Create a subset for question 2 (q2).
q2 <- subset(df, select=c("EVTYPE", "PROPDMG", "PROPDMGEXP", "CROPDMG", "CROPDMGEXP" ))
Note: EXP = exponent
What are possible values of CROPDMGEXP and PROPDMGEXP.
unique(q2$PROPDMGEXP)
## [1] K M B m + 0 5 6 ? 4 2 3 h 7 H - 1 8
## Levels: - ? + 0 1 2 3 4 5 6 7 8 B h H K m M
unique(q2$CROPDMGEXP)
## [1] M K m B ? 0 k 2
## Levels: ? 0 2 B k K m M
As we can see the possible values are: - ? + 0 1 2 3 4 5 6 7 8 B h H K k m M, and blanks. We only know the values for these variables:
Convert these known values to numeric so we can calculate property and crop damage. We are multiplying PROPDMG with PROPDMGEXP and CROPDMG with CROPDMGEXP.
q2$PROP_DAMAGE <- 0
q2[toupper(q2$PROPDMGEXP) == "H",]$PROP_DAMAGE <- q2[toupper(q2$PROPDMGEXP) == "H",]$PROPDMG * 10^2
q2[toupper(q2$PROPDMGEXP) == "K",]$PROP_DAMAGE <- q2[toupper(q2$PROPDMGEXP) == "K",]$PROPDMG * 10^3
q2[toupper(q2$PROPDMGEXP) == "M",]$PROP_DAMAGE <- q2[toupper(q2$PROPDMGEXP) == "M",]$PROPDMG * 10^6
q2[toupper(q2$PROPDMGEXP) == "B",]$PROP_DAMAGE <- q2[toupper(q2$PROPDMGEXP) == "B",]$PROPDMG * 10^9
q2$CROP_DAMAGE <- 0
q2[toupper(q2$CROPDMGEXP) == "H",]$CROP_DAMAGE <- q2[toupper(q2$CROPDMGEXP) == "H",]$CROPDMG * 10^2
q2[toupper(q2$CROPDMGEXP) == "K",]$CROP_DAMAGE <- q2[toupper(q2$CROPDMGEXP) == "K",]$CROPDMG * 10^3
q2[toupper(q2$CROPDMGEXP) == "M",]$CROP_DAMAGE <- q2[toupper(q2$CROPDMGEXP) == "M",]$CROPDMG * 10^6
q2[toupper(q2$CROPDMGEXP) == "B",]$CROP_DAMAGE <- q2[toupper(q2$CROPDMGEXP) == "B",]$CROPDMG * 10^9
Let’s check if the calculate columns are numeric.
class(q2$PROP_DAMAGE)
## [1] "numeric"
class(q2$CROP_DAMAGE)
## [1] "numeric"
As we can see the new columns PROP_DAMAGE and CROP_DAMAGE are of a numeric class, now we can create an aggregration.
prop_damages <- aggregate(PROP_DAMAGE ~ EVTYPE, q2, sum)
crop_damages <- aggregate(CROP_DAMAGE ~ EVTYPE, q2, sum)
Descending order and get only top 12 else the list is to long:
prop_dam_ord <- head(prop_damages[order(-prop_damages$PROP_DAMAGE),], 12)

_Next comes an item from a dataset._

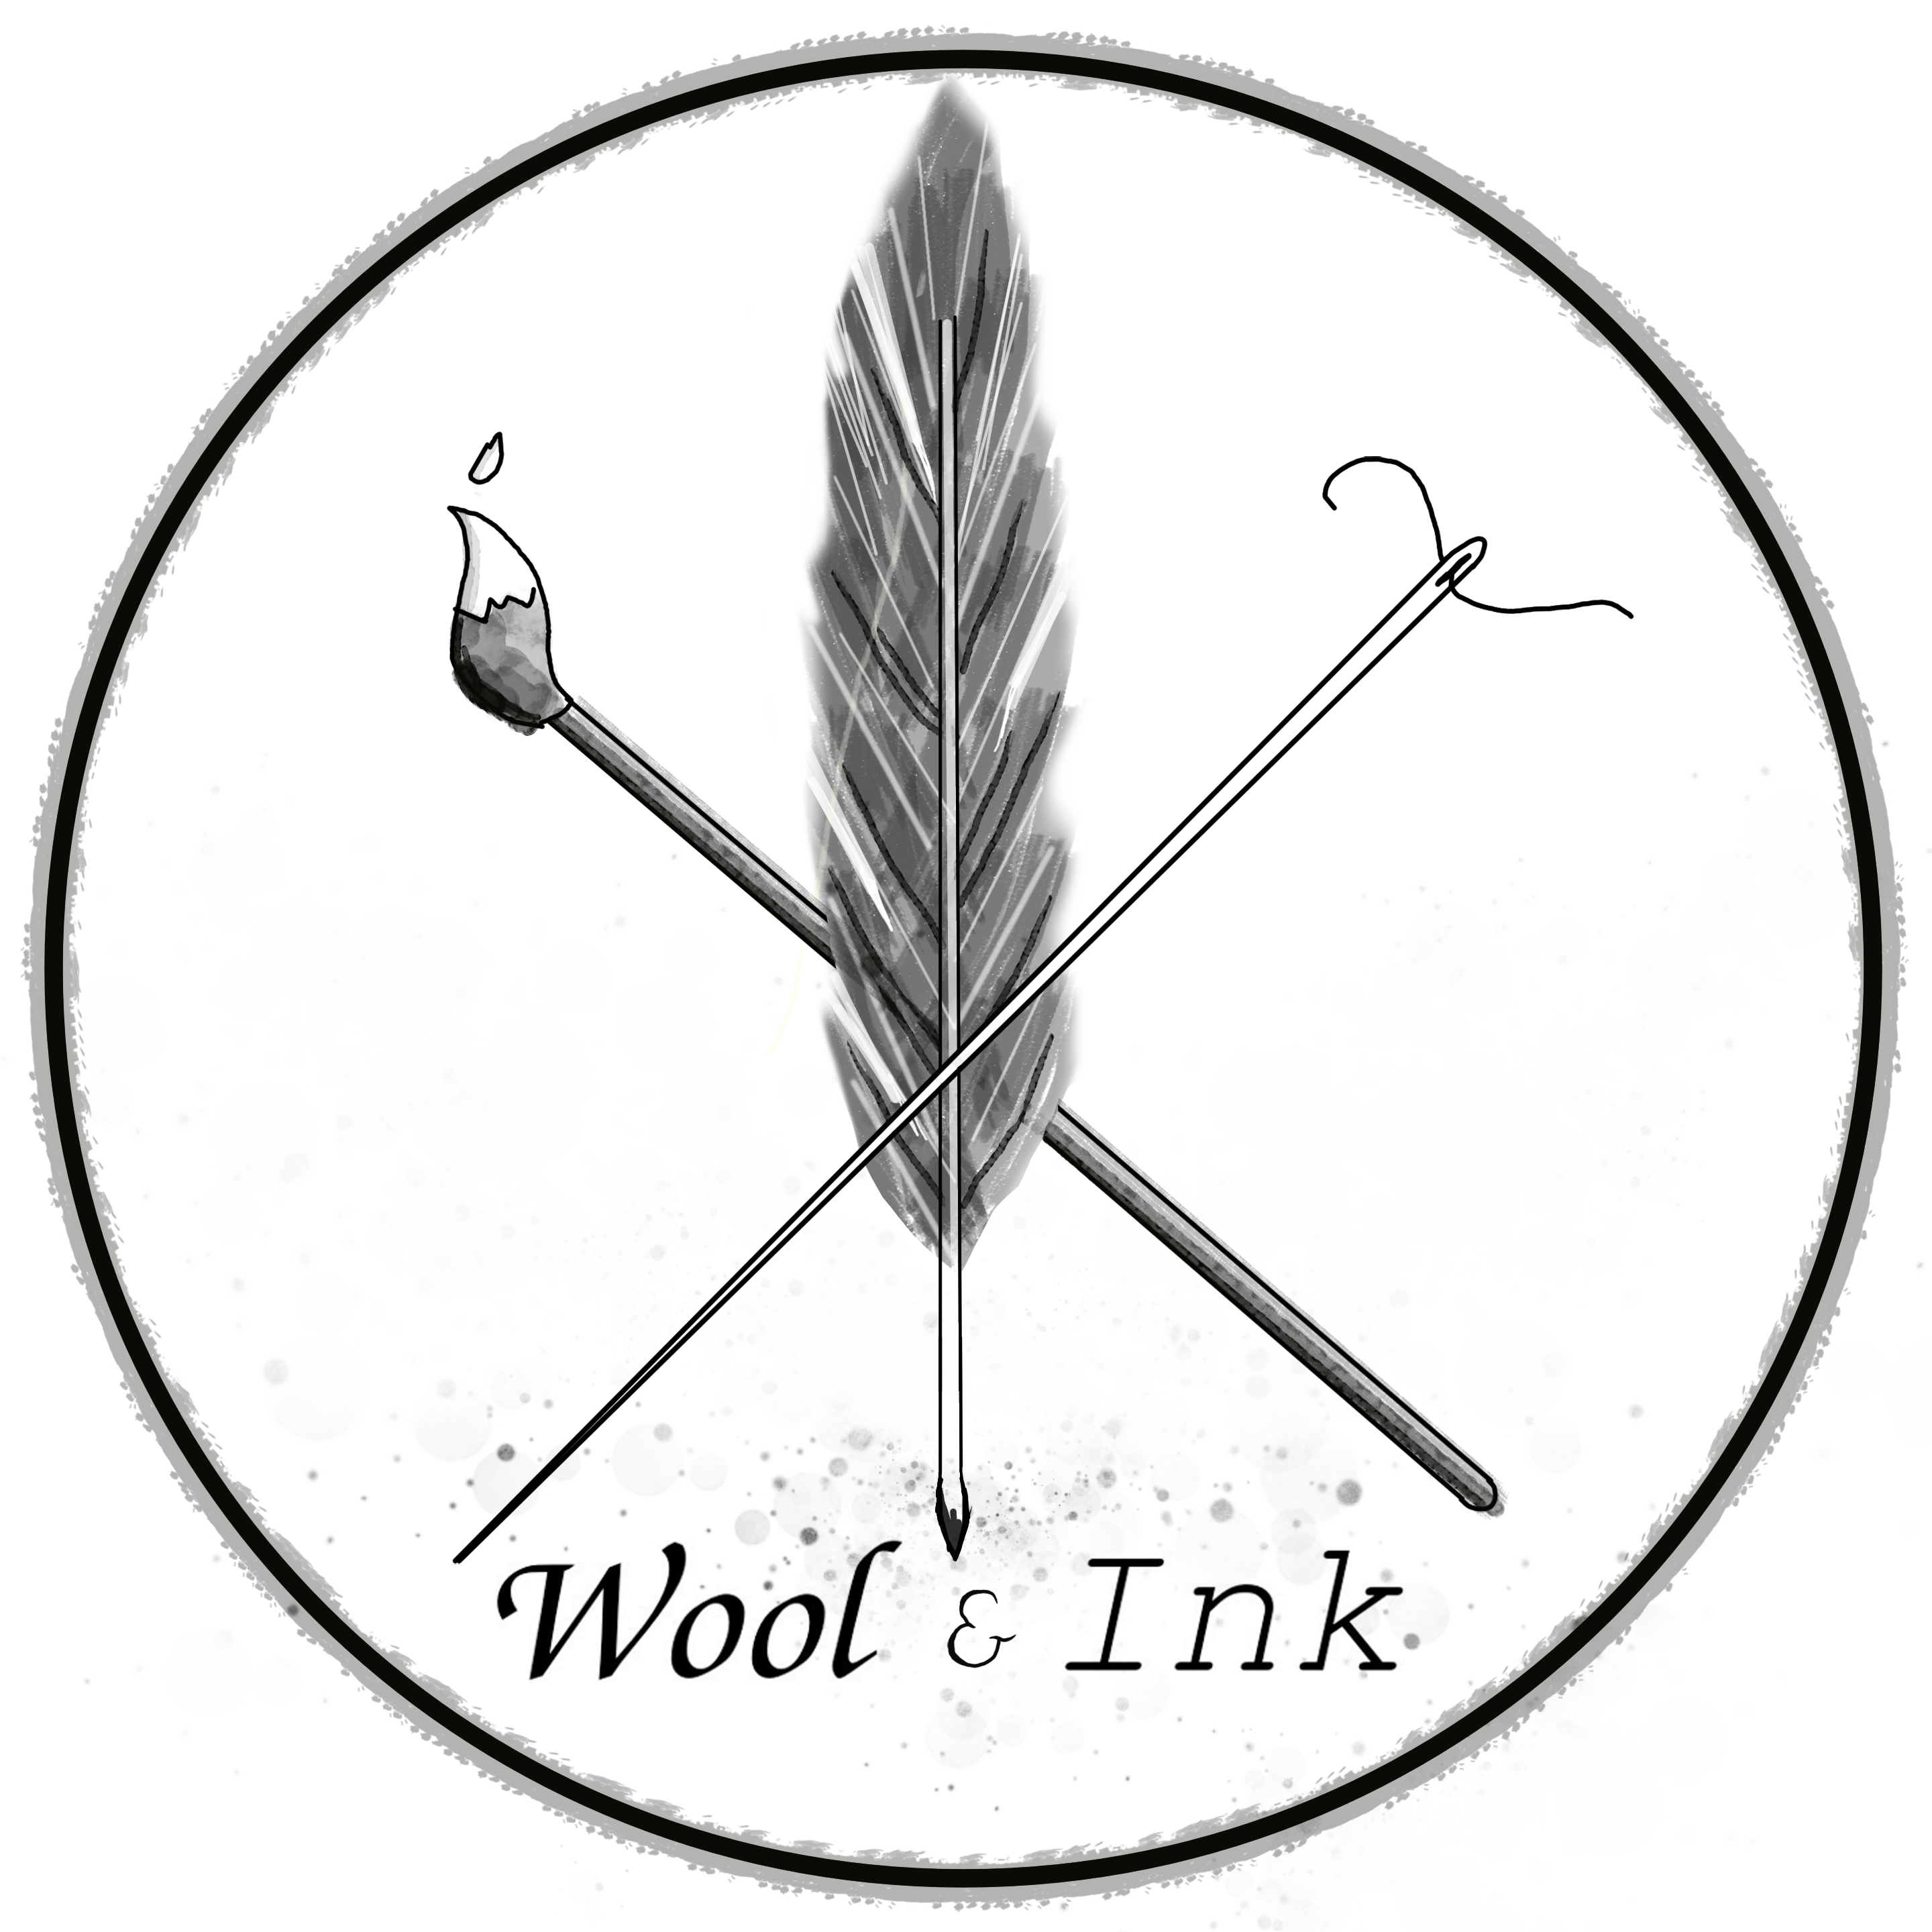 Wool & Ink
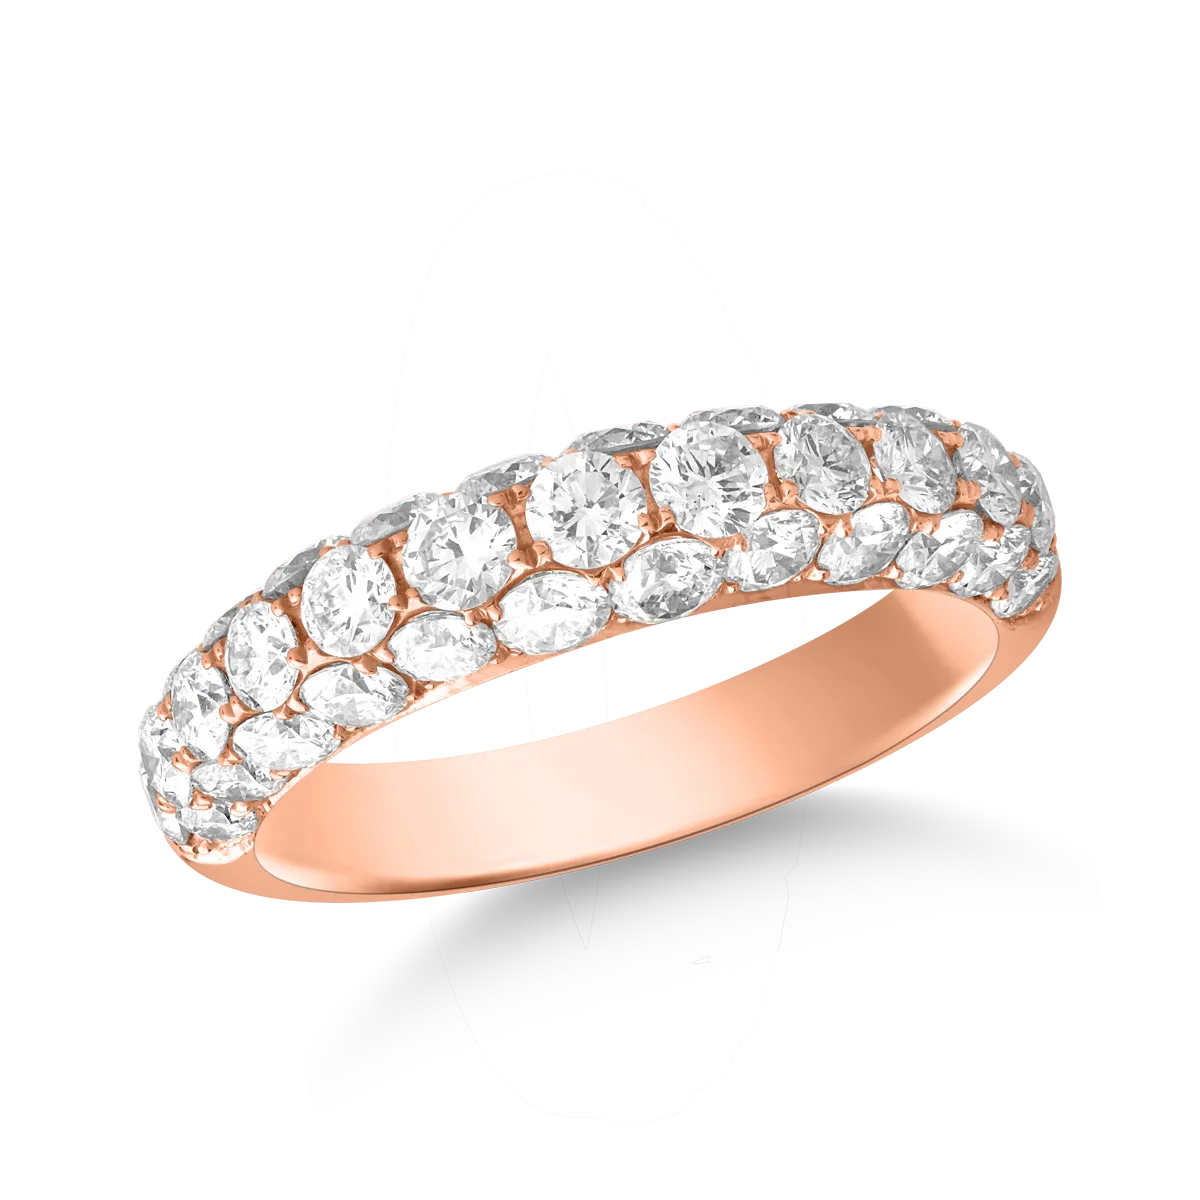 18k rózsa arany gyűrű, 2.03ct gyémántokkal

crop_dam_ord <- head(crop_damages[order(-crop_damages$CROP_DAMAGE),], 12)
Show ordered data:
prop_dam_ord
## EVTYPE PROP_DAMAGE
## 170 FLOOD 144657709800
## 411 HURRICANE/TYPHOON 69305840000
## 834 TORNADO 56937160480
## 670 STORM SURGE 43323536000
## 153 FLASH FLOOD 16140811510
## 244 HAIL 15732267220
## 402 HURRICANE 11868319010
## 848 TROPICAL STORM 7703890550
## 972 WINTER STORM 6688497250
## 359 HIGH WIND 5270046260
## 590 RIVER FLOOD 5118945500
## 957 WILDFIRE 4765114000
crop_dam_ord
## EVTYPE CROP_DAMAGE
## 95 DROUGHT 13972566000
## 170 FLOOD 5661968450
## 590 RIVER FLOOD 5029459000
## 427 ICE STORM 5022113500
## 244 HAIL 3025954450
## 402 HURRICANE 2741910000
## 411 HURRICANE/TYPHOON 2607872800
## 153 FLASH FLOOD 1421317100
## 140 EXTREME COLD 1292973000
## 212 FROST/FREEZE 1094086000
## 290 HEAVY RAIN 733399800
## 848 TROPICAL STORM 678346000
Let’s plot the data we created for question 1 into a barplot.
par(mfrow=c(1,2), cex = 0.7, mar=c(12,4,4,2), las = 2)
barplot(
fatal_ord$FATALITIES,
names.arg = fatal_ord$EVTYPE,
ylab = "Fatalities",
main = "Fatalities by Event Type (top 12)",
col = "lightblue"
)
barplot(
injur_ord$INJURIES,
names.arg = injur_ord$EVTYPE,
ylab = "Injuries",
main = "Injuries by Event Type (top 12)",
col = "lightblue"
)
As we can see the most damage terms of fatalities and injuries is Tornado.
Let’s plot the data we created for question 2 into a barplot.
par(mfrow=c(1,2), cex = 0.7, mar=c(12,5,4,2), las = 2)
barplot(
prop_dam_ord$PROP_DAMAGE/10^9,
names.arg = prop_dam_ord$EVTYPE,
ylab = "Property Damage ($ in Billions)",
main = "Property Damage by Event Type (top 12)",
col = "lightblue"
)
barplot(
crop_dam_ord$CROP_DAMAGE/10^9,
names.arg = crop_dam_ord$EVTYPE,
ylab = "Crop Damage ($ in Billions)",
main = "Crop Damage by Event Type (top 12)",
col = "lightblue"
)
As we can see, “FLOOD” is the most damaging to properties and “DROUGHT” is the most damaging to Crops.